# Man, who raised Soviet Union’s flag over Berlin in 1945, dies



## v2 (Jan 11, 2008)

WWII veteran Mikhail Minin, a Hero of the Soviet Union, the man, who raised the USSR flag, the banner of Victory, over Germany’s Reichstag in May of 1945, died. 

Minin will be buried on January 12 in his native city of Pskov where he resided until then, Interfax report. 

Mikhail Minin was born in the village of Vanino in 1922. In June of 1941 he volunteered to join the army to fight against Nazi Germany. He took part in battles to liberate Leningrad from blockade and made his way across the fronts from Leningrad to Berlin. 

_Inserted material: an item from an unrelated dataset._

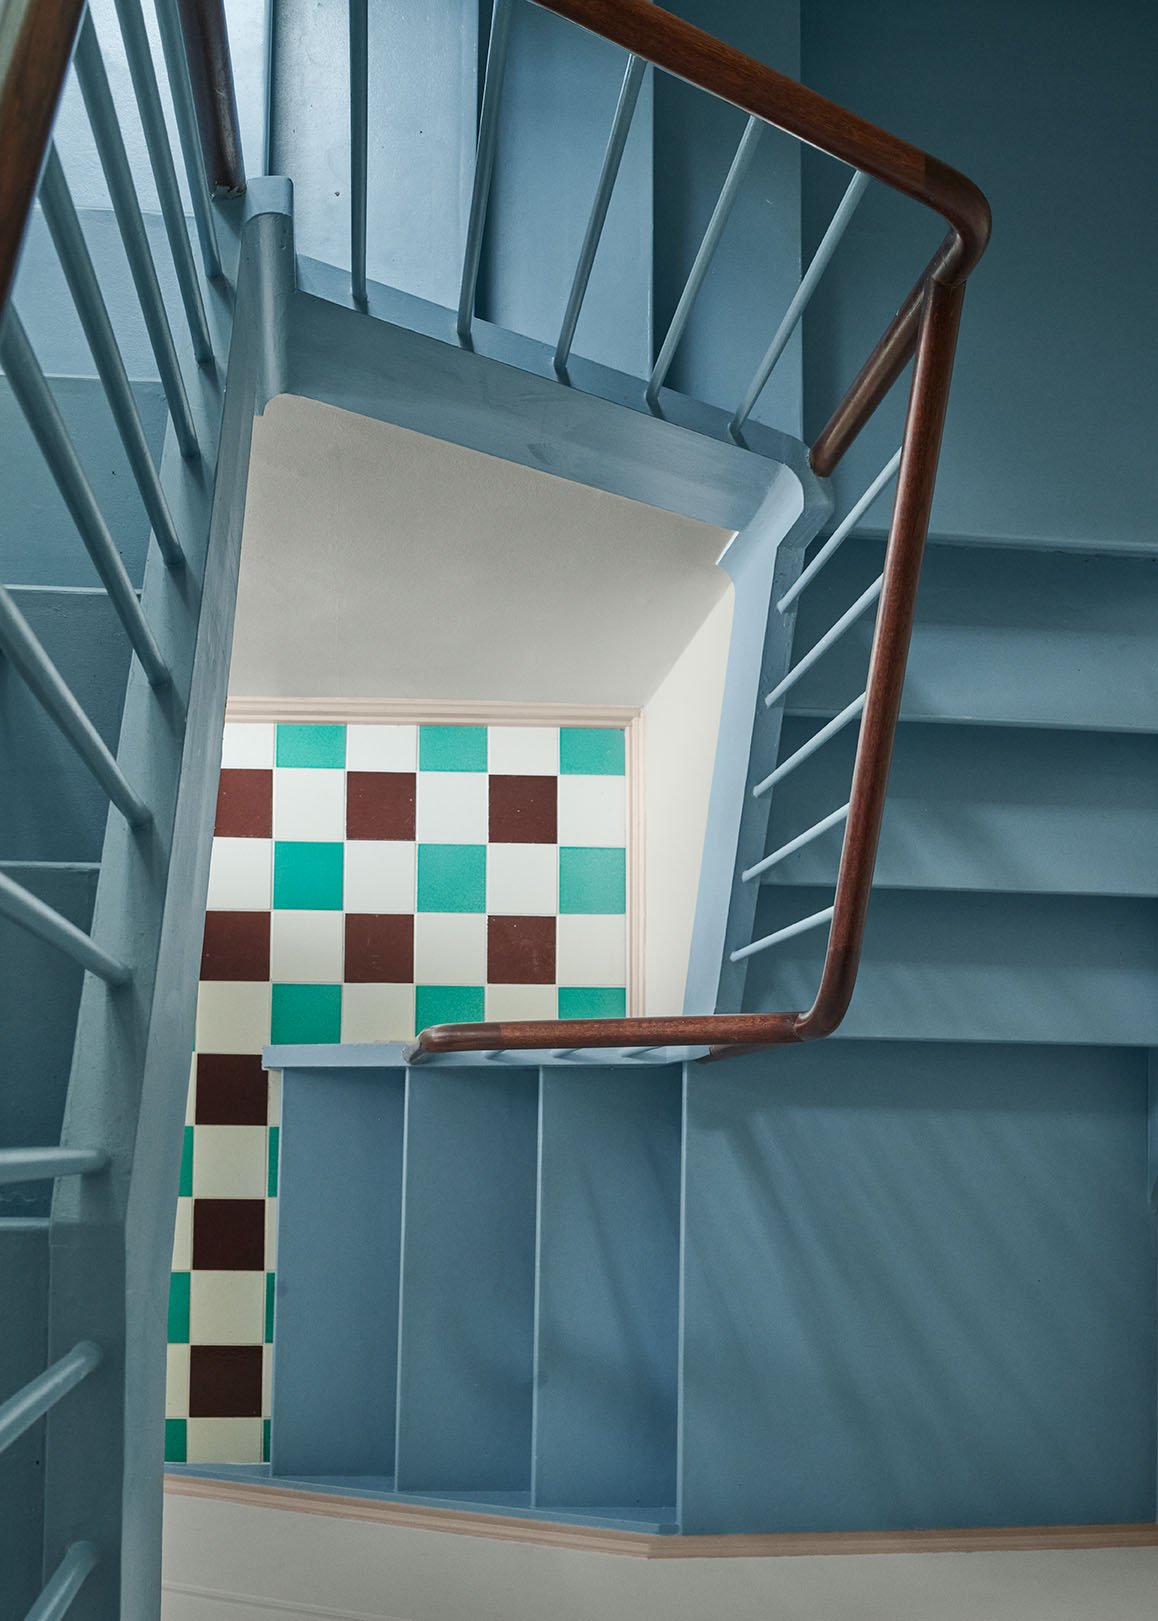 Staircase painted with 'Azure'

When the Soviet army was storming Reichstag in Berlin on April 30, 1945 Minin broke into the building and became the first man to raise the Red Banner on its tower. In May of 1945 Minin was awarded the title of the Soviet Union Hero for his deed and other services in battle. The famous photo does not show Minin but a Georgian soldier. It was not taken at the actual event. 

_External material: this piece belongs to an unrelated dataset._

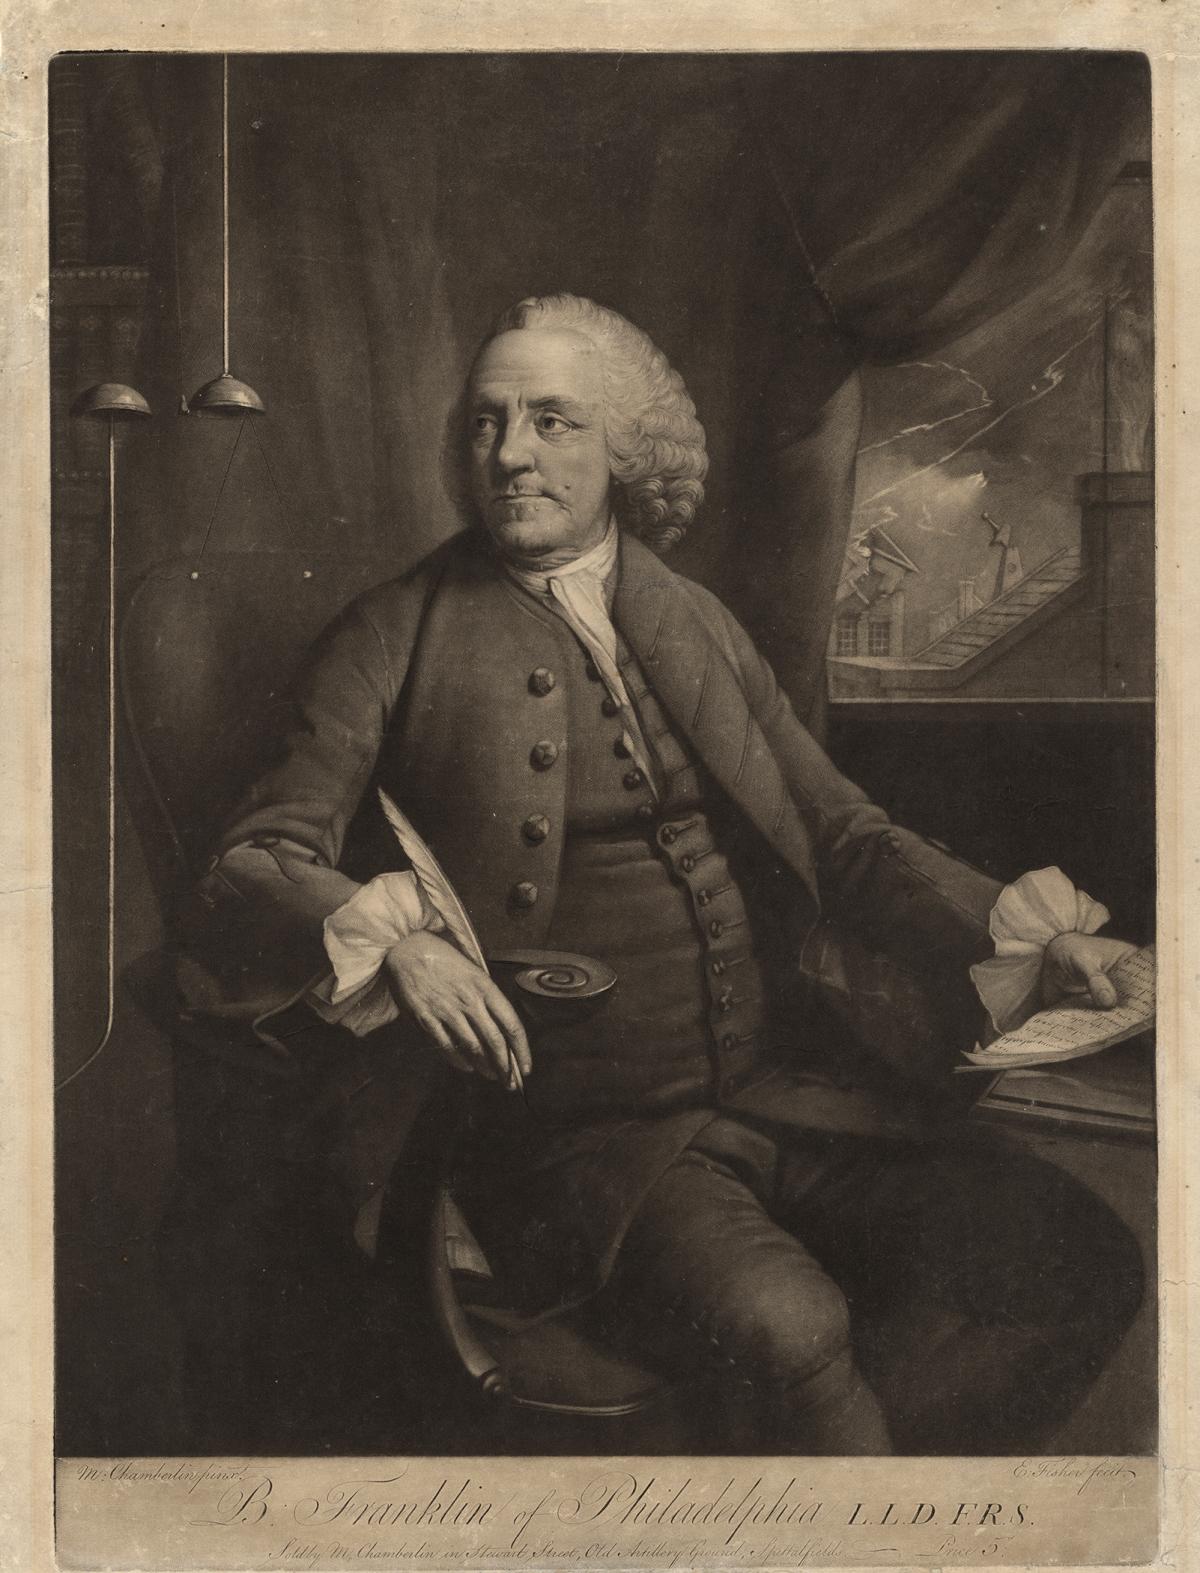 Black and white engraving of Ben Franklin

Josef Stalin had urged his troops to mount the flag on the Reichstag building no later than May 1, 1945. Minin's superiors had told the soldiers that any piece of red cloth fixed to the building would symbolize that the battle was won. 

Minin was part of a team of five soldiers who brought a red flag and tried to enter the building. They found most doors to be replaced by concrete and one door that was locked. The members of the group recalled seeing a tree limb nearby. Using the limb they managed to break the locked door by force. As they entered there was sporadic fire from German soldiers. They responded with their machine guns and managed to go up the stairs and reach the roof. Once there they decided to attach the flag to the large statue Germania over the entrance. At first they did not manage to fix the flag at a good place. Someone noticed that the person sitting on the statue was wearing a crown. They climbed the statue and managed to insert a metal pole with the flag inside the crown. They then used belts from their trousers to fix the flag at its location. 

Minin was recognized for his feat, but was not really rewarded. As there were no photos taken when the flag was put on the roof on 10 p.m., other photos were taken on other occasions of which the one above has become most famous. 

When the Great Patriotic War ended, Minin continued his army service. In 1959 he graduated from the Military Academy and joined special strategic purpose troops. Minin moved to Pskov in 1977 and decided to stay in the city afterwards. 

source: Pravda


----------



## evangilder (Jan 11, 2008)

Another famous photo of WWII. Even though the photo was done after the fact, the emotion and drama are still there.


----------



## Vassili Zaitzev (Jan 11, 2008)




----------



## DerAdlerIstGelandet (Jan 11, 2008)




----------



## Wurger (Jan 11, 2008)




----------



## Gnomey (Jan 11, 2008)




----------



## Njaco (Jan 11, 2008)




----------



## Screaming Eagle (Jan 11, 2008)




----------



## magnocain (Jan 12, 2008)




----------



## Konigstiger205 (Jan 12, 2008)

To be honest with you I would have preferred the U.S. flag or the British flag but history cannot be changed...


----------



## Wayne Little (Jan 12, 2008)




----------



## Micdrow (Jan 13, 2008)




----------



## Lucky13 (Jan 13, 2008)




----------



## Negative Creep (Jan 13, 2008)

Regarding that famous photo, I remember reading that the man at the bottom had his arm doctored to hide his 'liberated' watches


----------



## Konigstiger205 (Jan 15, 2008)

Well its already known that Russian patrols would stop people on the street and demanded their watches...


----------



## AlloySkull (Jan 16, 2008)

I have that picture on my ceiling... Beautiful and symbolic of the fall of the Third Reich...


----------